Ab und zu rutscht mir trotzdem ein “man” über die Lippen aber ich beeile mich, mich selbst entsprechend zu korrigieren. Manchmal habe ich das Gefühl, dass meine Mitmenschen für diese, meine Gedanken und Schlussfolgerungen nicht besonders empfänglich sind. Ist es so anstrengend über sich selbst nachzudenken bzw. sich selbst zu fühlen? Oder ist es die permanente Ablenkung in der Alltagsrealität? Stressiger Job, Familie, Freunde, Konsum etc. Oder ist es die Annahme sich nicht um sich selbst kümmern zu müssen? Nach dem Motto: So haben wir das immer schon gemacht. So wird es erwartet. So muss es sein. Und eigentlich ist es ja gar nicht so schlimm. Da muss man halt durch. Eine Art Resignation ist dies für mich. Ein sich verbiegen, sich den Gegebenheiten beugen und unterordnen. Mit Selbstbestimmung hat das wenig für mich zu tun.

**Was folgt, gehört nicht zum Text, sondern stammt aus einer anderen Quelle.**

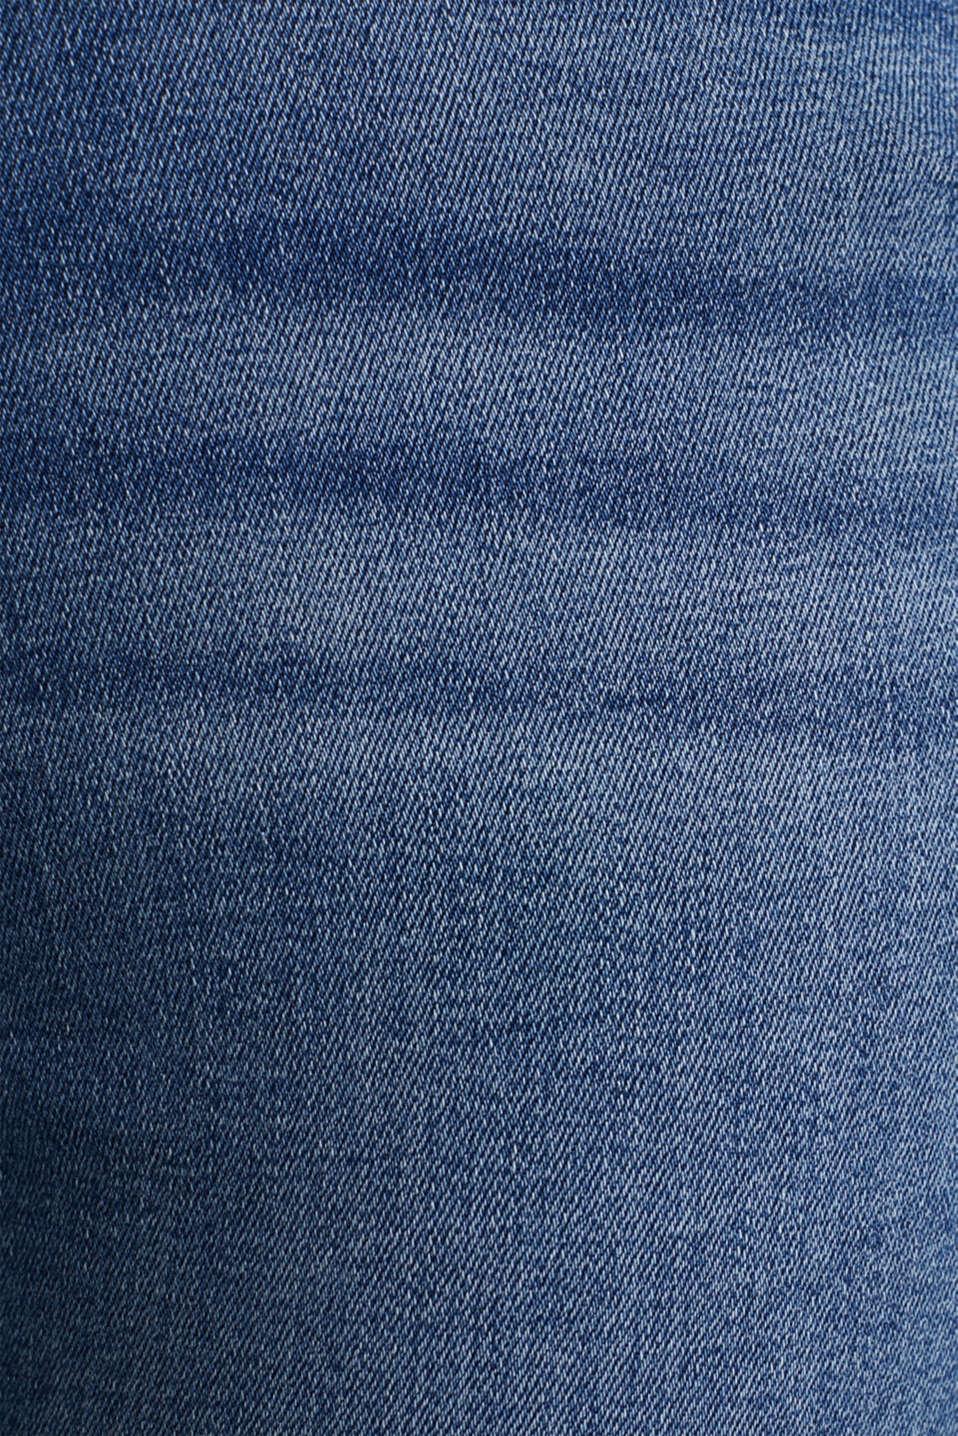 Ankle-length vintage jeans with frayed hems, BLUE MEDIUM WASH, detail image number 4

Ich sehe es an meinen Eltern. Beide so um die 60 Jahre alt. 3 Kinder, 5 Enkel. Beide voll berufstätig und beide können schwerlich “Nein” sagen. Schon gar nicht zu Ihrer Familie. Verständlich weil menschlich. Beide klagen darüber zu stark belastet zu sein, haben entweder Angst um ihren Job oder Frust auf der Arbeit, laden sich liebenswürdigerweise und zur Abwechslung zwei bis vier Enkel übers Wochenende auf, um Sonntag Abend total erschöpft auf der Couch dem Montag entgegenzudösen. Damit alles wieder von vorne losgeht. Sie sind beide schon viel zu lange in dieser Mühle gefangen, scheinbar unfähig sich daraus selbst zu befreien. “Jammern auf hohem Niveau” sagt meine Mutter wiederholt. Ja sicherlich, es gibt Menschen mit substanzielleren Problemen. Aber auch das ist ein Nichterkennen von sich Selbst. Ein sich-verleugnen sogar. Die vormals seltenen Gespräche über das wirkliche Befinden und die Klagen darüber häufen sich in letzter Zeit. Klar, das eigene Leid ist immer das Schlimmste! Ich habe eine solche Misere selber erlebt. Ich weiß, wie schwer es ist, sich selbst zu finden. Ich weiß auch, wie schwer es ist, sich erstmal zu überwinden um überhaupt auf die Suche zu gehen. Aber ich weiß aus eigener Erfahrung, dass es sich lohnt. Dass es sich lohnt über sich nachzudenken, sich einen Überblick über die schier endlosen Möglichkeiten zu verschaffen und sich selbst vielleicht neu zu erfinden. Es gibt mit Sicherheit darüber dankbare, frohe Menschen, Kinder, Enkel. Ein Leben im verkopften Alltagstrott, getrieben von ungesunden Ansprüchen, mit dem immerwährenden Gefühl gehetzt zu werden und die einfachsten Dinge nicht mehr genießen zu können, ist das lebenswert?